Monday, August 31, 2009

this is america.

If you've ever happened upon this web log before now, you've probably read the phrase, "This is America. Bless it." That's because I recently started saying it to (1) express the greatness that is America (2) to showcase things that could only happen in America and (3) to remind everyone of the wrongs going on in America and more than anything our country desperately needs to be blanketed in prayer (I sound very much like a preacher's wife right now).

Anyway. I'm planning on doing my best of making, "This is America. Bless it." a weekly happening on this web log of mine.

We're going to start it off with a showcase of something that could only happen in America.
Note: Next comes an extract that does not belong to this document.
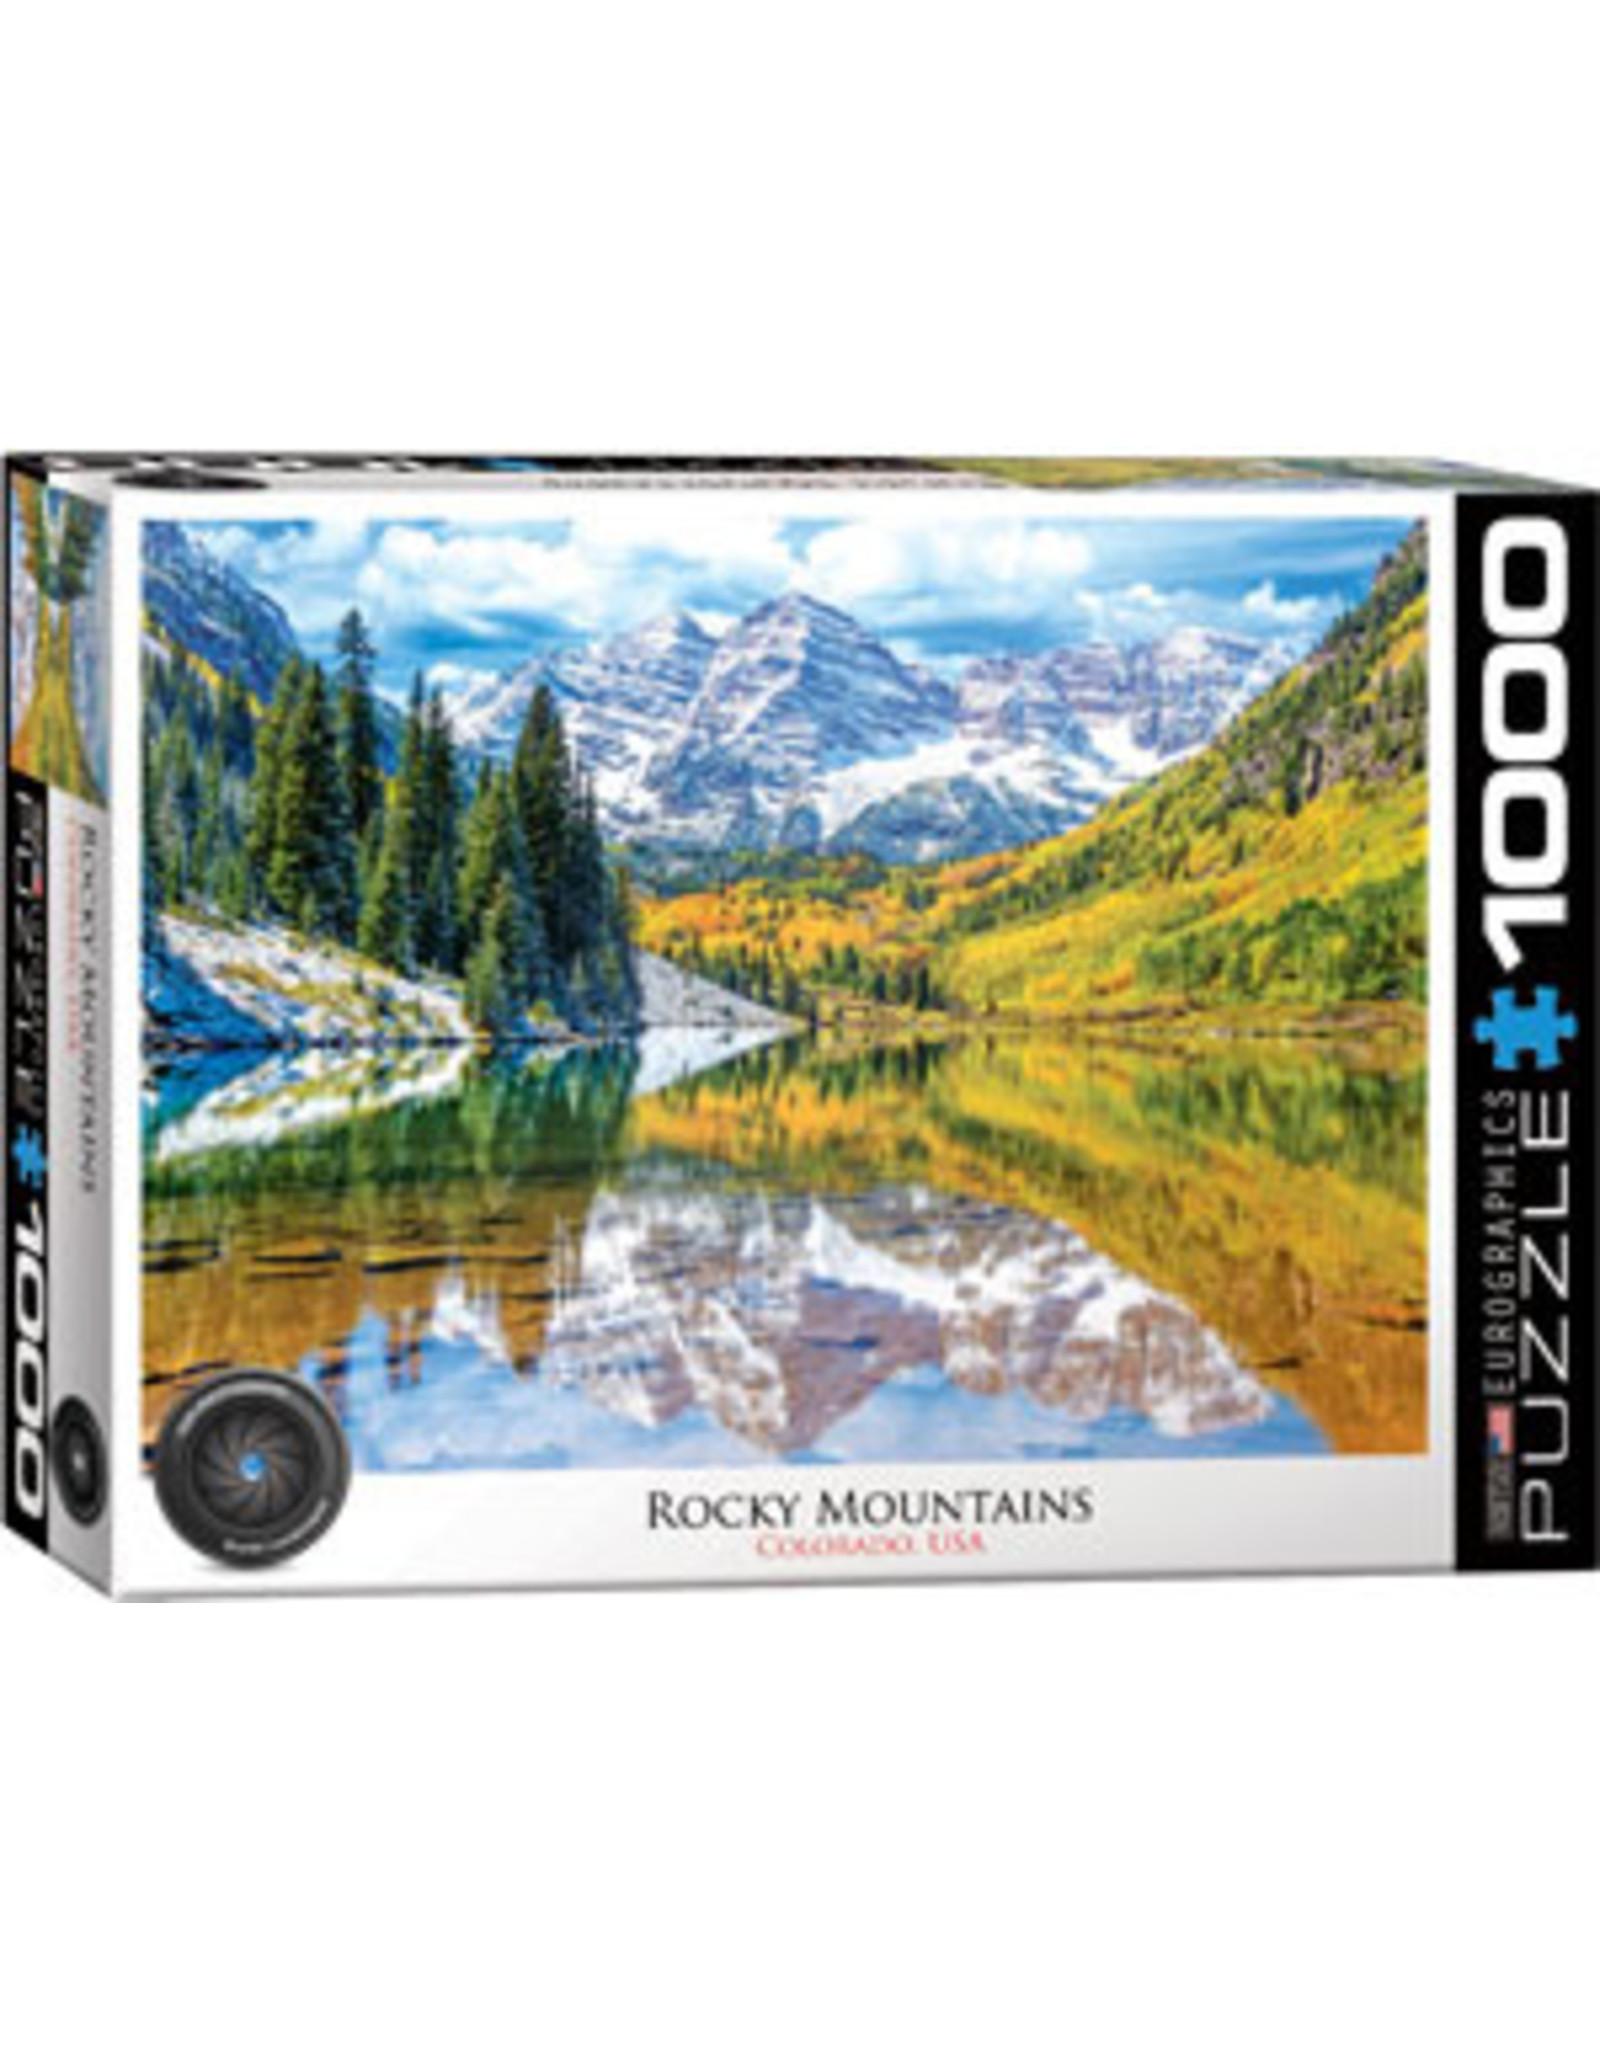 Eurographics Rocky Mountains, Colorado

I'm driving down the road and I see a car's back window that reads, "$ Im crayz" Now, this could only happen in America for several reasons: first up, freedom of speech. The driver of this crayz vehicle was doing nothing more than expressing herself (I have to assume it was a her). I applaud her expression. Second up, capitalism. By placing the "$" in front of the phrase, "Im crayz" it's almost like she was saying, "I'm so glad I live in a country that promotes capitalist ventures AND free speech. I think I'll express myself with a dollar sign, so everyone knows how much I love money and earning it." Lastly, exploration. America has always been into exploring. I mean, our country was found on an exploration and not long after we went to space and the moon and now our citizens (Lord, I pray she was an actual citizen) are exploring creative ways to spell words. Where else in the world could take the normal spelling of crazy and turn it into crayz? I say, NOWHERE.
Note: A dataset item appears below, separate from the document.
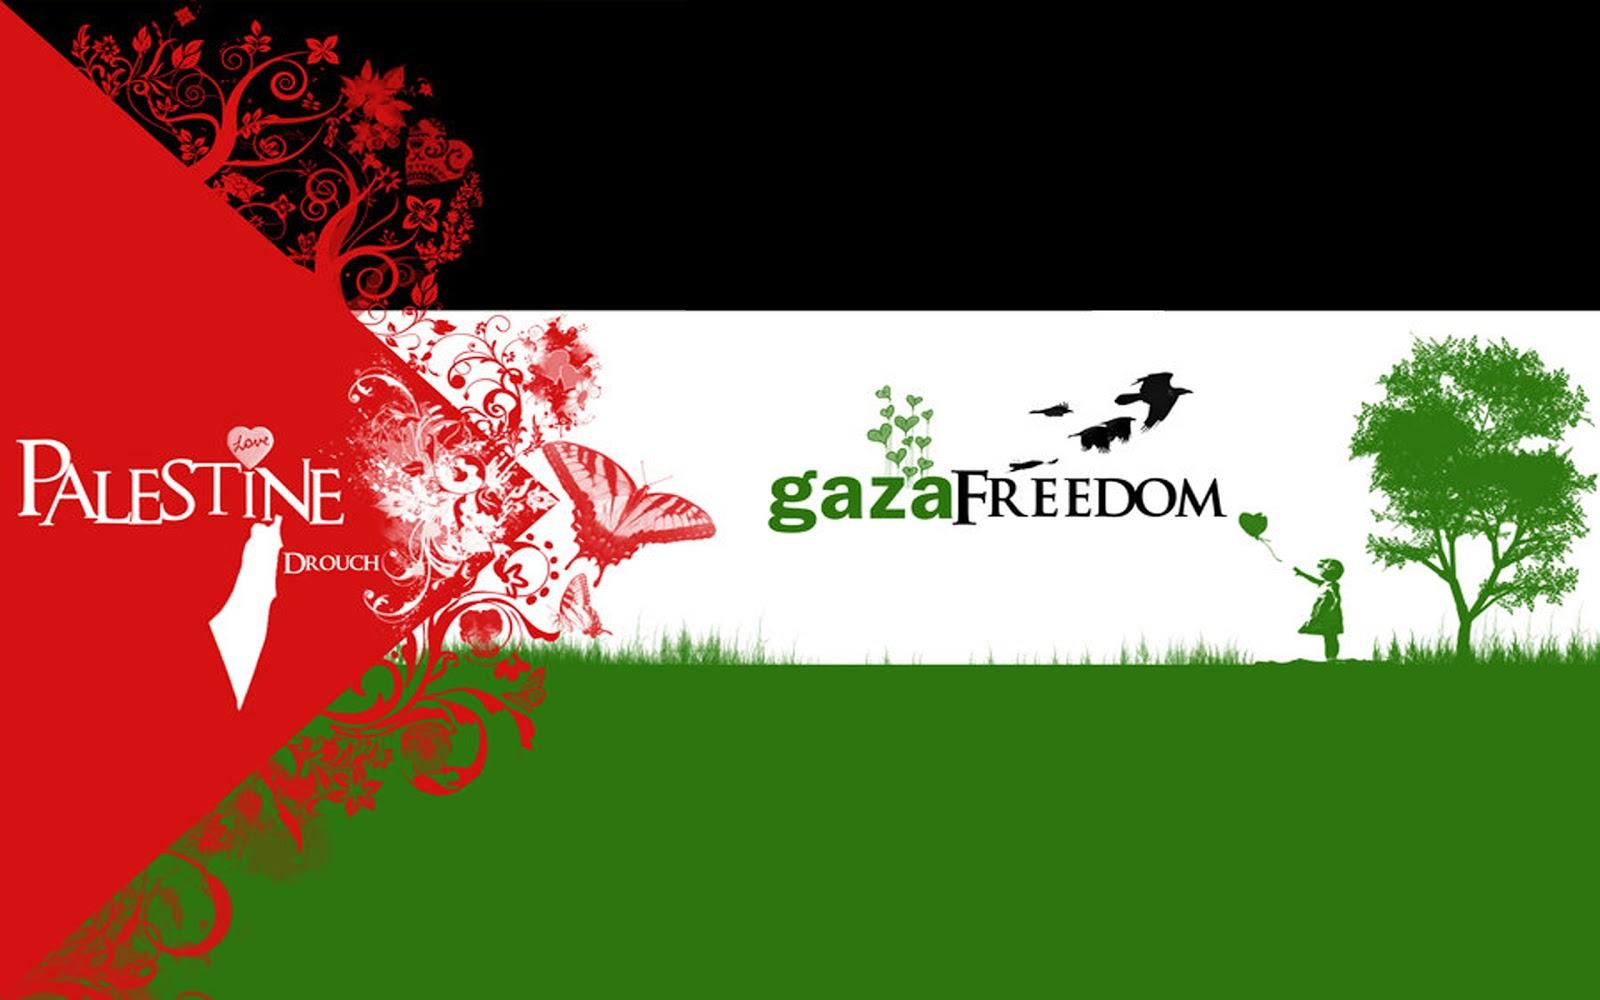 Palestinian Flag Wallpaper Palestine flag wallpaper 1600x1000

I had a lot of questions for the driver of the crayz mobile, most notably, "are you more or less crazy than others because you spell it differently?" But, she sped off the second the red light turned into green and I was left in her capitalistic/exploratory dust to ponder the vast reasons that I love living in America.

This is America. Bless it.

Friday, August 28, 2009


  • You may remember this post about Miley Cyrus and a certain Daughtry song: well, guess what? Driving down the road yesterday the Daughtry sang came on (not shocking, it plays about six times an hour) and wincing in pain and much enjoyment, I listened. To. the. whole. thing. The DJ came on and you know what he told me? You'll never guess. He told me that the Nickelback guy (Chad Trashsomethingorother) co-wrote the Daughtry song! Kick me twice and then call me Nancy. I will never listen to that song again.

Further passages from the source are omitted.